##### RECORDS PROVIDED #####
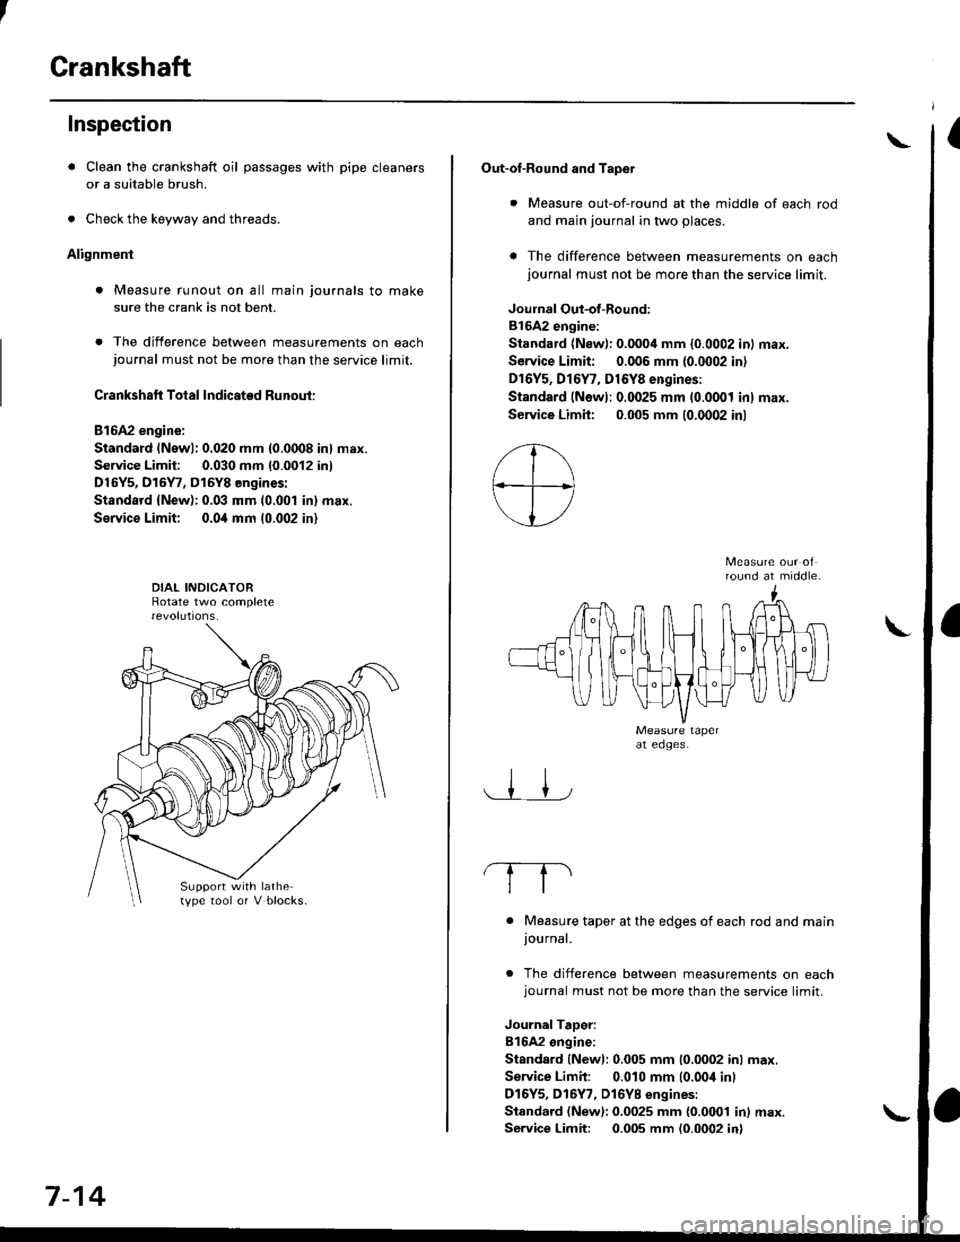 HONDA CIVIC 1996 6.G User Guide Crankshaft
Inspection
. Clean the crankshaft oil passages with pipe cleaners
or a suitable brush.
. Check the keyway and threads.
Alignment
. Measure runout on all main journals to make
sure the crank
#####
##### RECORDS PROVIDED #####
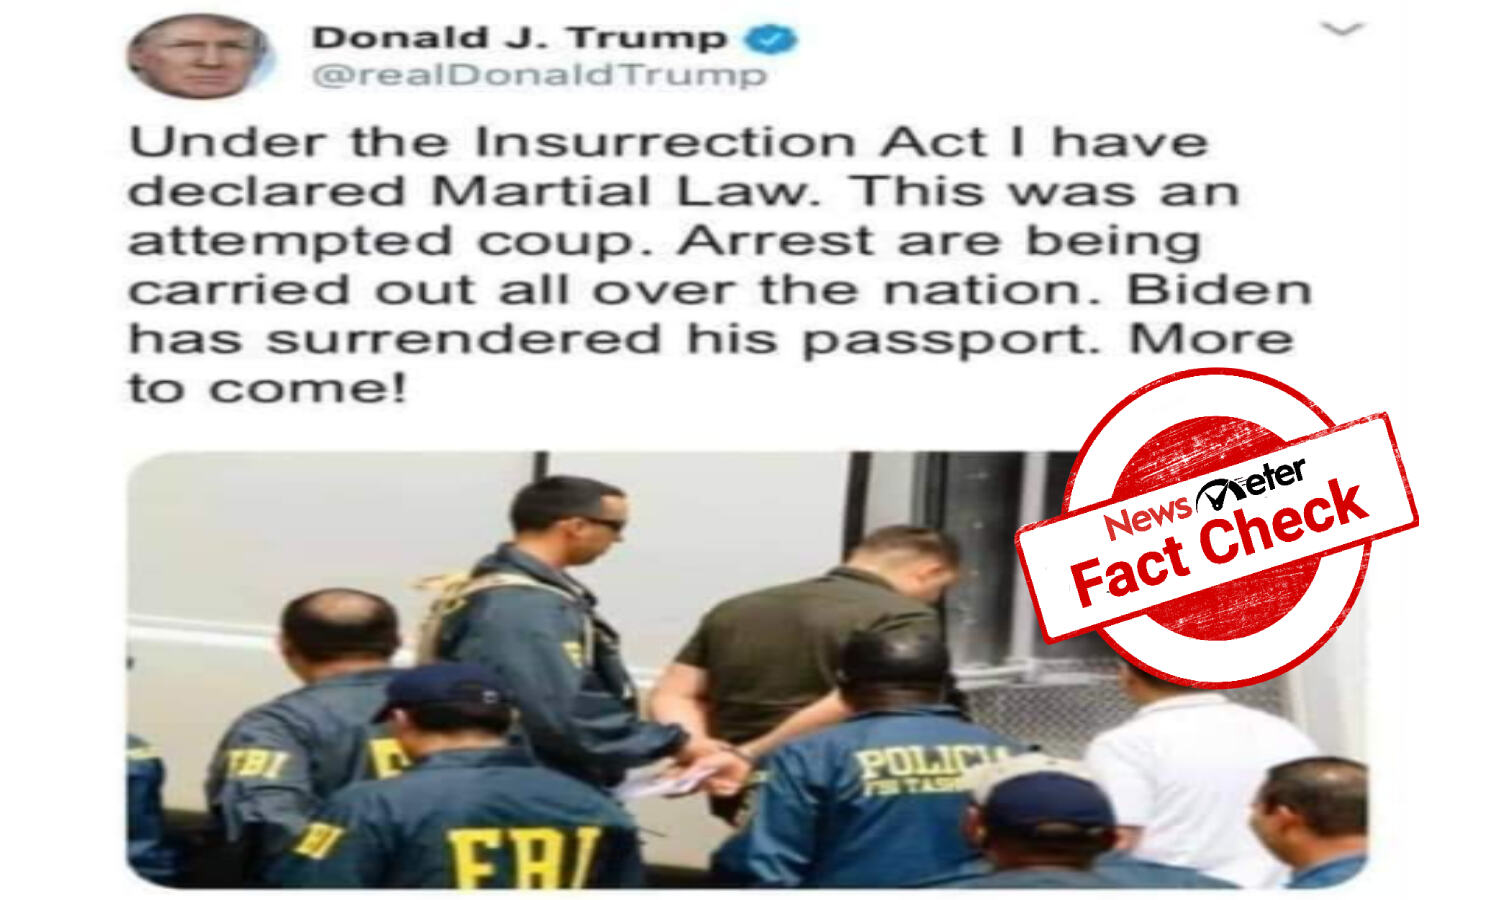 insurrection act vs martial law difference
#####
** WHAT YOU ARE ASKED TO DO **
Starting at the line above that contains "or a suitable brush.", repeat each line exactly up to and including the line that contains "sure the crank", and stop there.

** SOLVED PROBLEM **
or a suitable brush.
. Check the keyway and threads.
Alignment
. Measure runout on all main journals to make
sure the crank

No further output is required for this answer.